Thursday, 19 July 2012

Judgement


One thing that first motivated me to try was I found myself being judged by some people, not by people that knew my situation, people that didn’t know me would judge me. It kind of became more noticeable, when a new T.V program came out in New Zealand called ‘Downsize Me’.  For those of you that don’t know… it’s a reality show.  A Personal Trainer & a Nutritionist visit a home of overweight people (usually a couple, although once I saw it was two flatmate friends) and once there was a couple where they ate the same foods but she was big but he wasn’t.  (apparently, this was because although he was skinny on the outside, he was fat on the inside).  Anyhow, so they would go into their homes and take all the crap food out and put it on the table, along with a week’s worth of the food they would eat, which typically, would involve huge amounts of lattes, chocolate cake slices and takeaways (otherwise known as takeout in some countries) spread out across the table.  So I got judged, not in this new life, but in my old life, by comments made, that made me more of a closet eater as I almost didn’t even like to eat anything in front of people.  To be fair, sometimes I did eat some comfort food at home – some biscuits or some chips.  But you know, I wasn’t eating that stuff all the time and didn’t have all that crap in the cupboard like those people either – not enough that would fill up a table like these people.  Not even close.  Often an over weight person will simply eat bigger portion sizes. 

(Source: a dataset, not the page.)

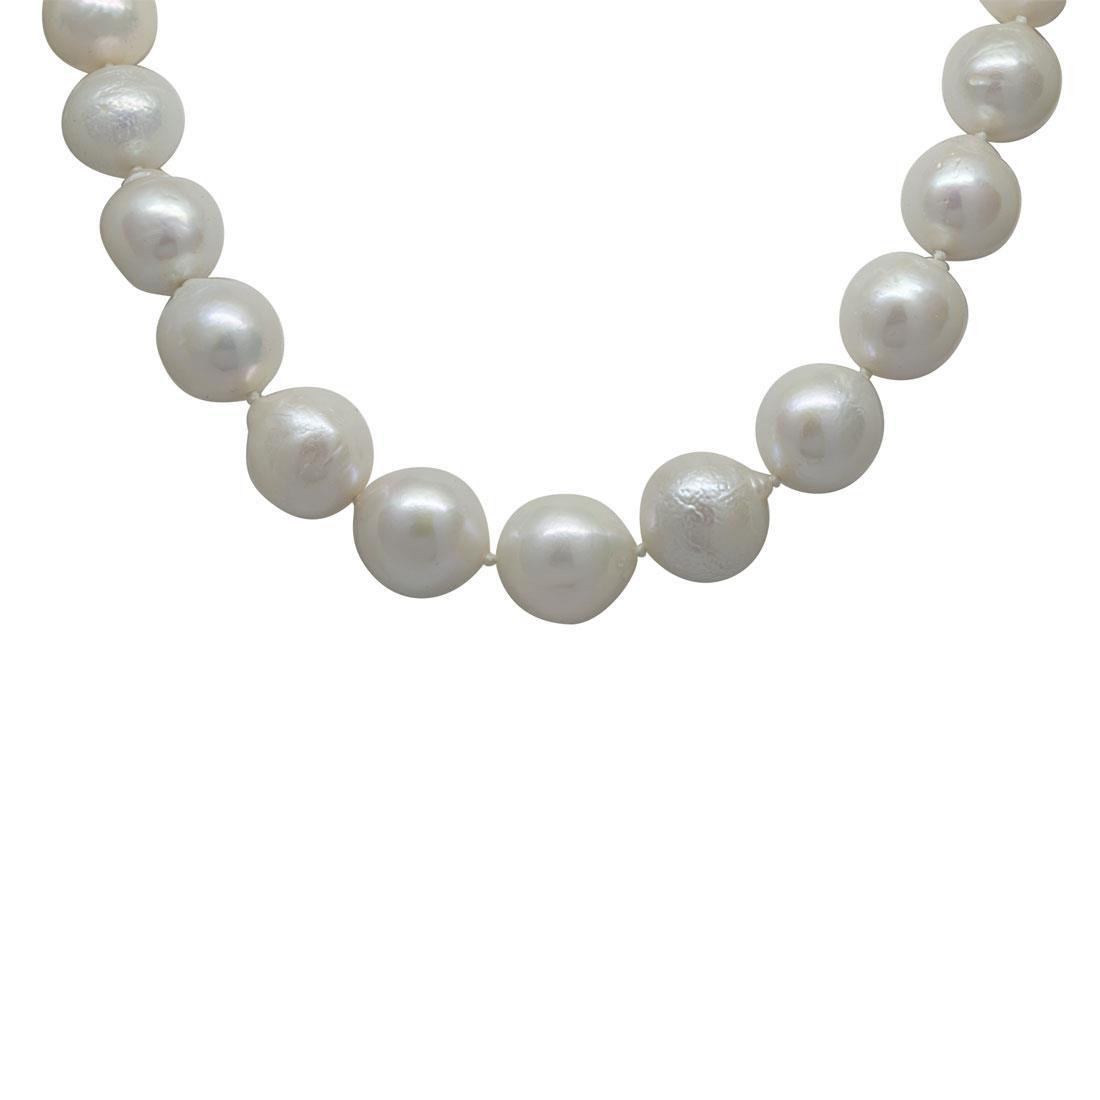 Collana filo di perle - RIVIK

And then there’s the lack of exercise.  This plays a big part in it, especially after being so active.  Use it or loose it.  Getting up at some ridiculously early time of the morning to get ready for the office, two hours a day in traffic, to come home often late after working overtime to have to cook, run errands on the way home, pick people up and then deal to a baby and a toddler, stepchild and so on & so forth, plus the stress you’re faced with the problems at home, to finally get to 9.30pm, well ok, people call it an excuse and perhaps it is, but reality was, by then I just want to plop down into the couch with a coffee and biscuits to watch T.V or go to bed.  Where’s the 20 minutes at least to exercise?  Really, who feels like doing a work out or going for a run at that time.  Already getting up at 5.30 or 6.00am, it seemed hopeless.  So I got caught in this hopeless cycle.  I don’t know how I did it really.  I guess I didn’t stop to think about it, I had to because I had to provide for my family.  I think though, that having a baby and having to go back to work too early makes you more tired because your body is still recovering, but you do what you have to do because you love your family.  It probably didn’t help, that when I was pregnant with my first child I had 2 and a half jobs to help make ends meet, because I had uncovered more debt my husband had gotten into that I didn’t know about until people started showing up looking for him, as if pregnancy and working full time at one job wasn’t enough!  I’m sure there are super women who do all that and then more, not sure how much quality time they give their kids, but hey, maybe they are perfect, but again, people will judge you on this and yes it is an excuse, but again, until you have walked through this, you may not appreciate the struggle.